Soaked and still covered in little grains of salt I reluctantly step back into my houses and try to sneak my way to the shower with out Olive noticing I'm back. Unfortunately I fail.

"Are you done working? I thought we could-"

"Yah. I'm done working." I say before he can continue. I kind of want to avoid whatever it is that he want's to do."But there's some pretty good waves today and I thought I'd catch some before it get's dark."

I've hurt him again. I can see it on his face as clear as day and feels like someone has taken the rusty screw driver out of much chest and plunged it right back in again. If I keep doing this there won't be a whole lot of me left by the end of the week.

"Would you like to come?" I can't believe I add that but the smile on Oliver's face is worth it.

"I'd love to."

So I grab two boards and we make our way to the beach. I need to give Oliver a quick lesson before we can actually hit the waves but I don't mind because it's a pretty good distraction. Maybe I'll open a surf school once he's left.
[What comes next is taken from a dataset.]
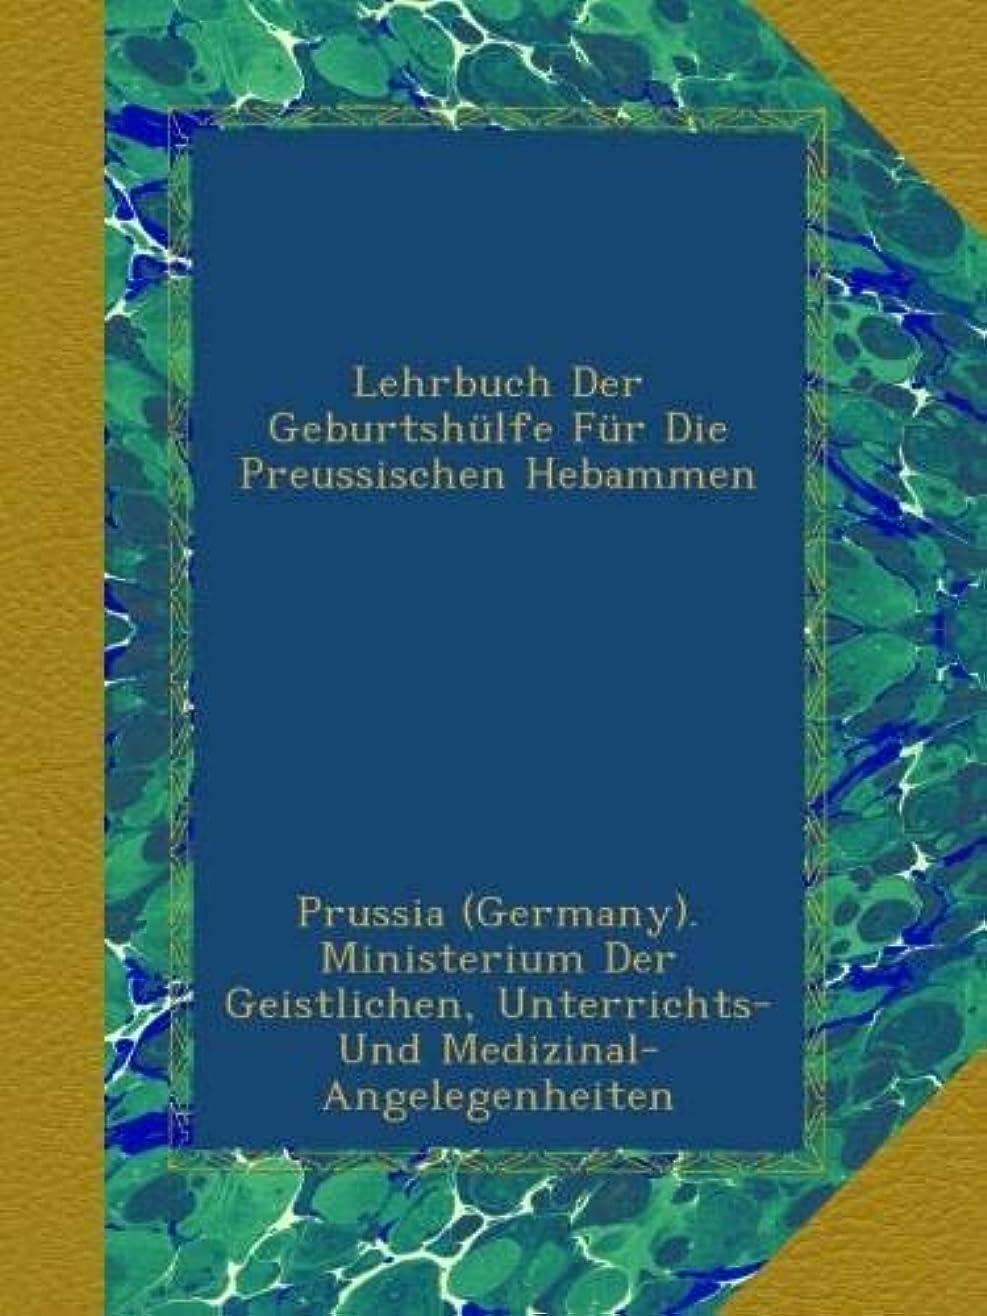 真面目なクール不可能なLehrbuch Der Geburtshuelfe Fuer Die Preussischen Hebammen

To no one's surprise Oliver is very good for a beginner and even stands a few times with out my help. I hate it. I hate the admiration that swells up in me when I watch him and I hate that I'm missing all the training sessions we had together in our last few weeks at Hogwarts.

I actually catch myself smiling a few times and I catch a lot more waves then I did yesterday which is defiantly a way to put me in a good mood. Well, I better mood.

"I was wondering if you might like to have dinner?" Oliver ask me once we're showed and clean. "And if you'd like to see a.... what's it called...... Film?"

"Do you even know what a film is?" I ask and actually laugh a little when he shakes his head and explains that Frank told him I might enjoy one.

"Wait. Dinner and a Movie? Are you asking me on a date?" I realise suddenly.

"What's a movie?" Olive asks and I can't help it. I'm smiling. How can I not when asks me questions like that.

"It's another word for 'Film'." I explain.

"In that case: yes, I'm asking you on a date." He gives me this smile which melts me. It's not large and exaggerated like the smiles we used to exchange between the two of us, it remind me more of the smile he used to wear when Gryffindor was winning or he made an exceptionally fantastic save.

"I don't know what a film is though so you might have to organise that." He says and just for a moment I'm the giddy, exited, happy girl from 3 years ago.